**Required action**.
Return the listing exactly as it appears, but strip out the images.

**Raw data**.
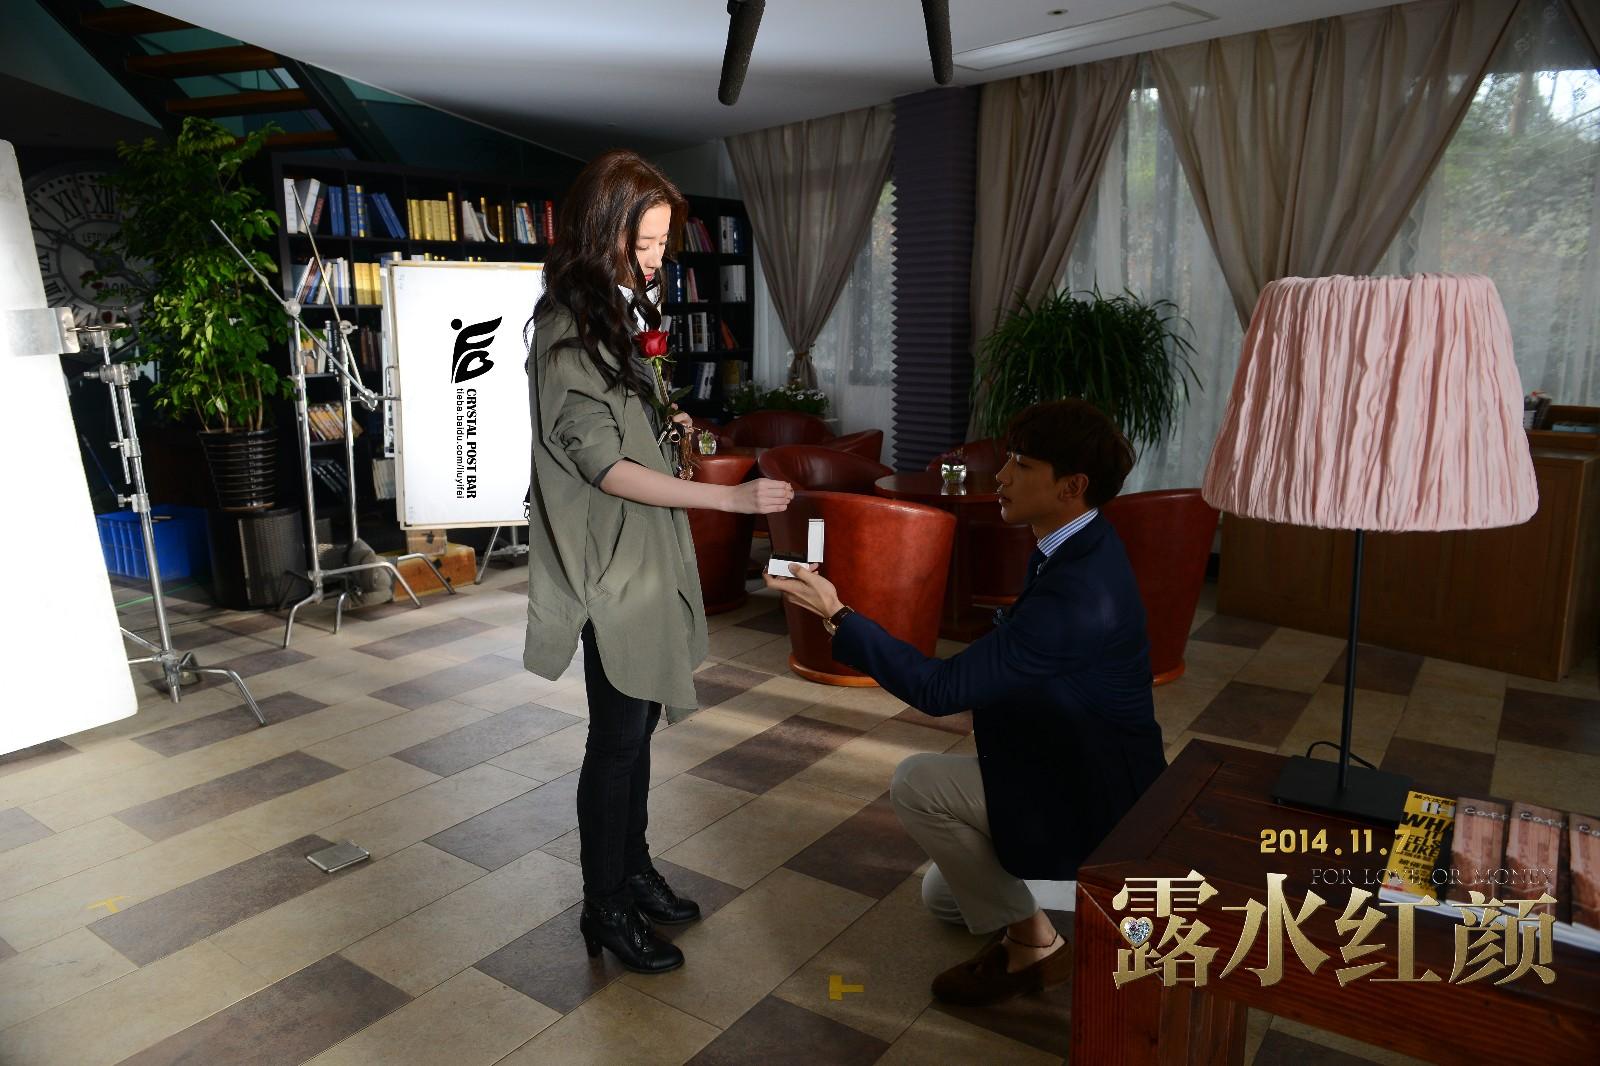 露水红颜高清剧照  《刘亦菲》[2014.11.12]
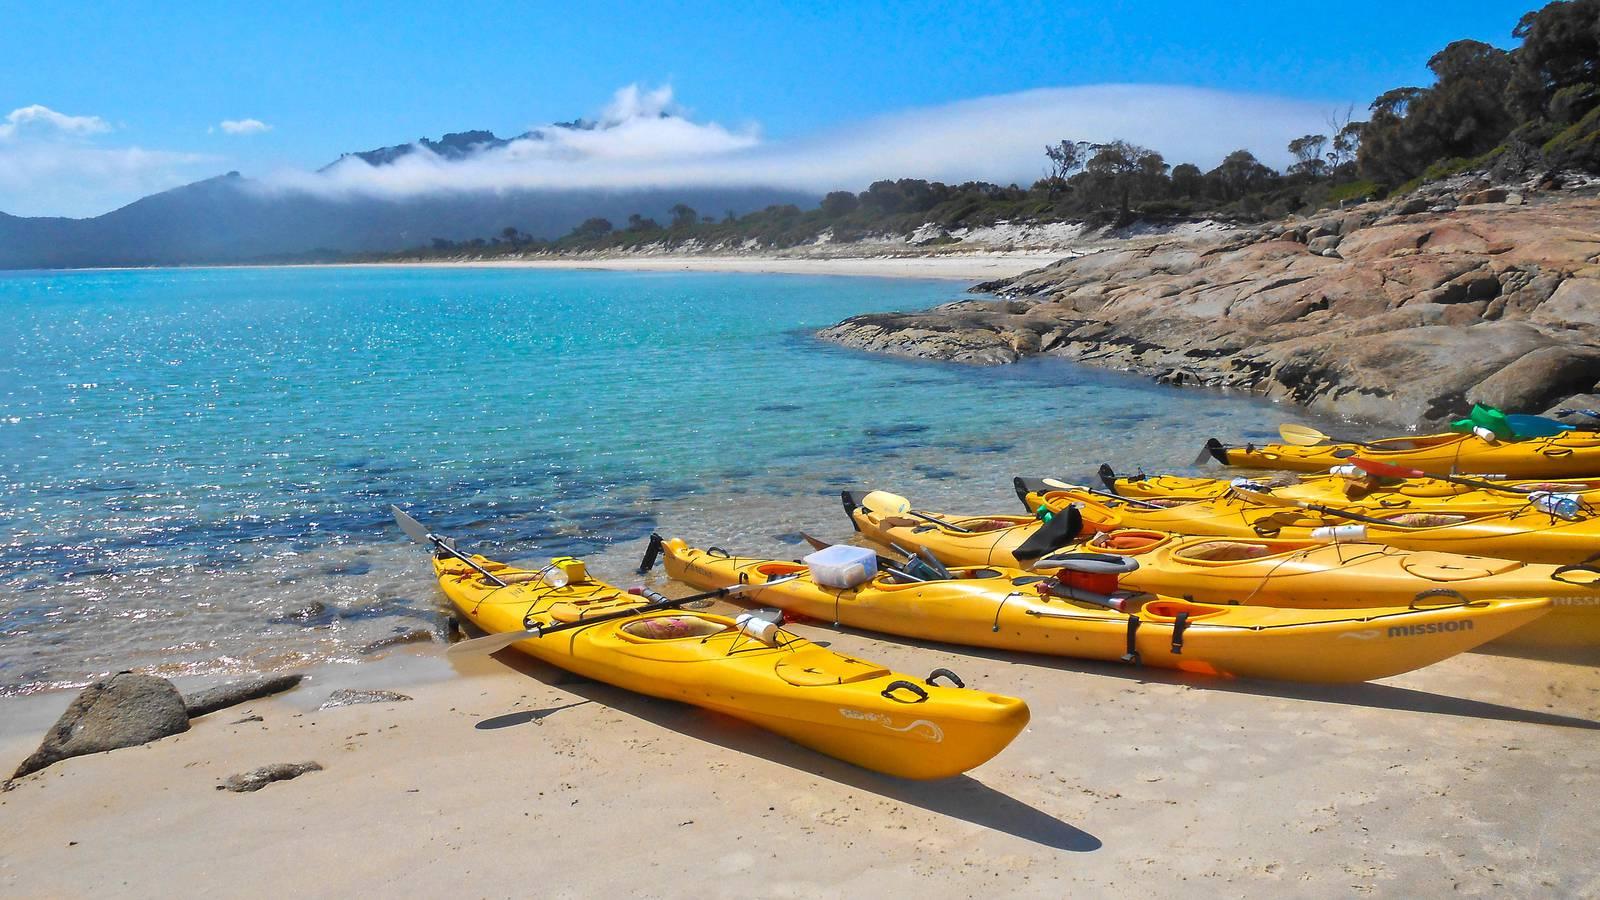 Tasmanien Australien (© Zur Verfügung gestellt)
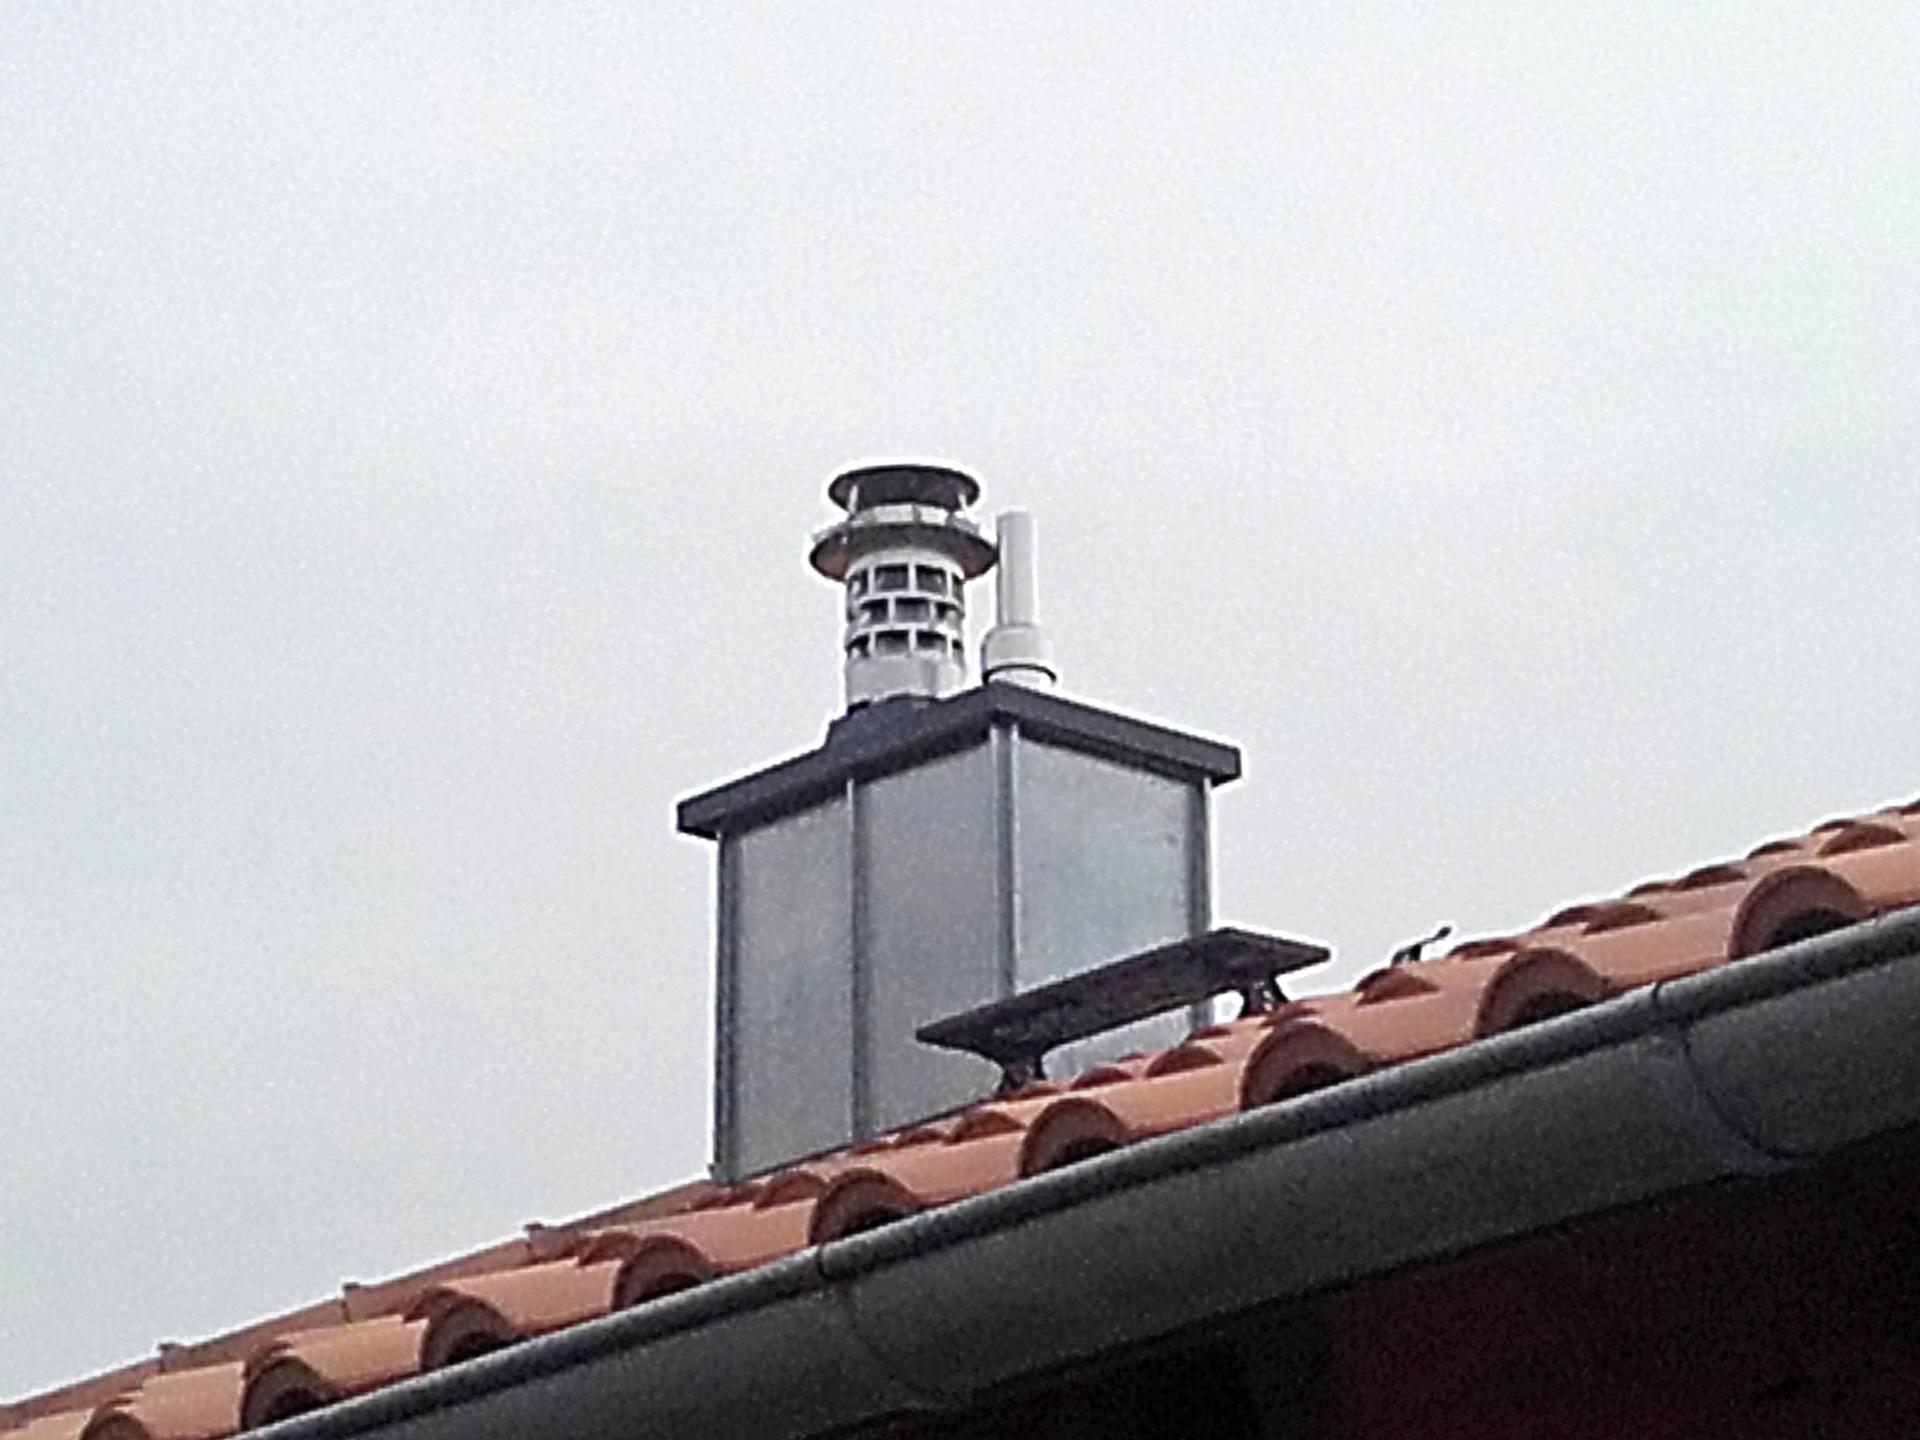 Referenz Schornsteinbau, Bild 0020

**Exercise answer**.
 露水红颜高清剧照  《刘亦菲》[2014.11.12]
 Tasmanien Australien (© Zur Verfügung gestellt)
 Referenz Schornsteinbau, Bild 0020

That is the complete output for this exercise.